Hembree made his Phillies debut in the sixth inning, stranded the runners he inherited on second and third base, and retired four of the five batters he faced. He’ll stay in the late-inning pecking order. That could mean less high-leverage work for Neris, especially after Tommy Hunter tackled the eighth inning on Sunday night. The Phillies seem to have four right-handers ahead of Neris, who was their closer less than a week ago.

“We matched it up to the way that we thought was most favorable to us,” Girardi said. “It worked. That’s the bottom line. It worked.”

Neris’ struggles have not been all on him. The infield made two errors behind him last Thursday against the Blue Jays and a defensive shift cost him a double play on Saturday night. But, the results of the ninth inning usually fall on the man on the mound. And those results have made Neris hard to trust when he can no longer rely on the pitch that made him reliable.

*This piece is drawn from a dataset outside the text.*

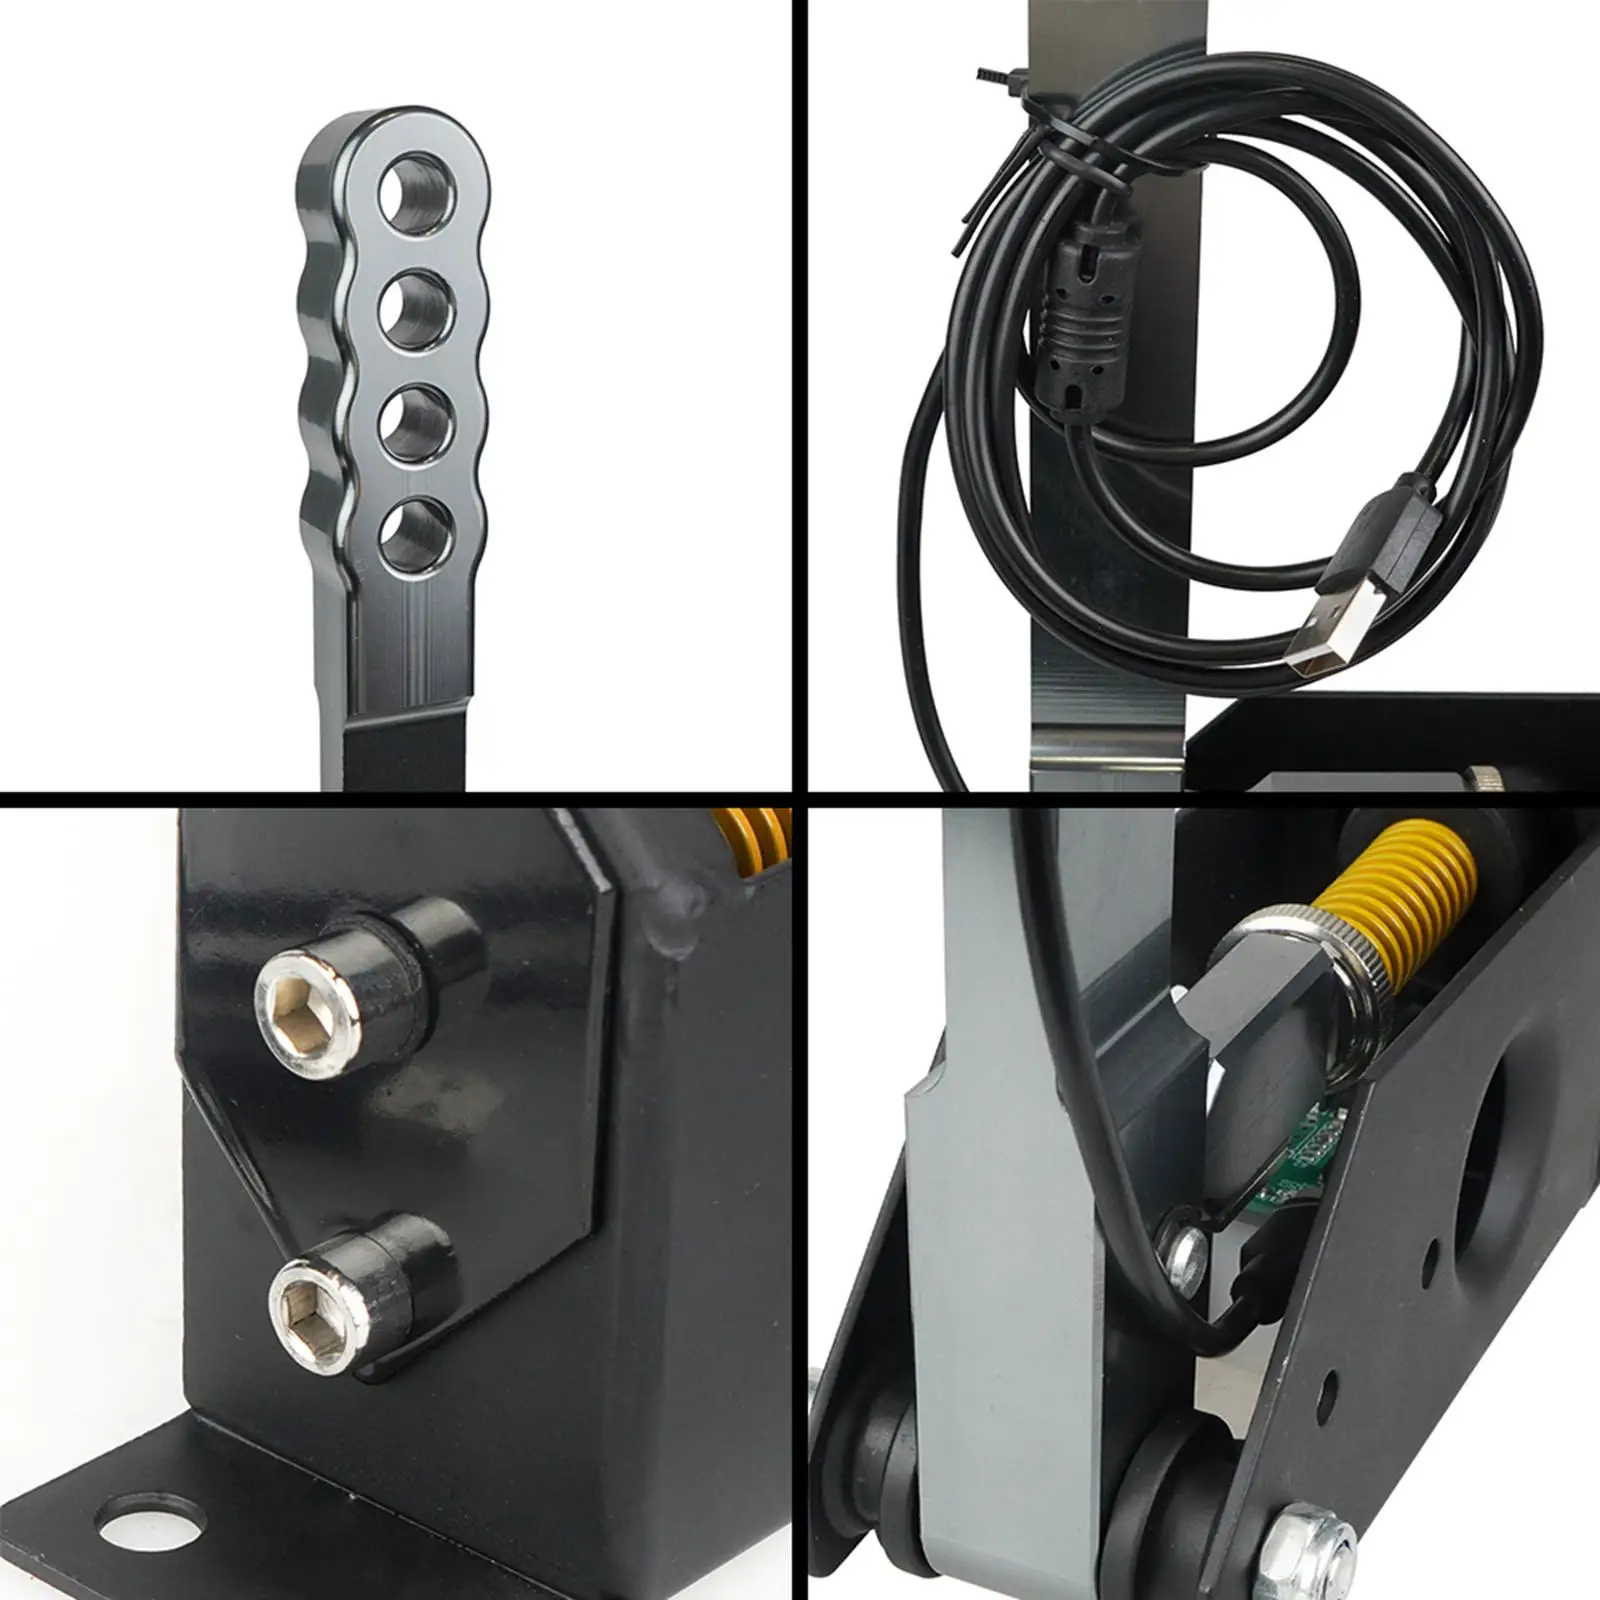 Brake System Handbrake Spare Parts 14 Bit Anti Wear Premium USB Easy to Install Handbrake Clamp for Logitech G29 G27 G25 PC

“We haven’t changed our thought process about Hector,” Girardi said. “We’ll continue to look at match-ups like the ones that are favorable to him and try to use him in those spots but we really haven’t said, ‘We’re not going to use Hector in high-leverage situations.’ ”

Extra bases

Jake Arrieta will start Tuesday night’s series opener in Washington. Aaron Nola will start Wednesday and Spencer Howard will start Thursday. ...The rotation for the Washington series likely means that Vince Velasquez is being moved to the bullpen as the Phillies will not need a sixth starter until a doubleheader on September 8.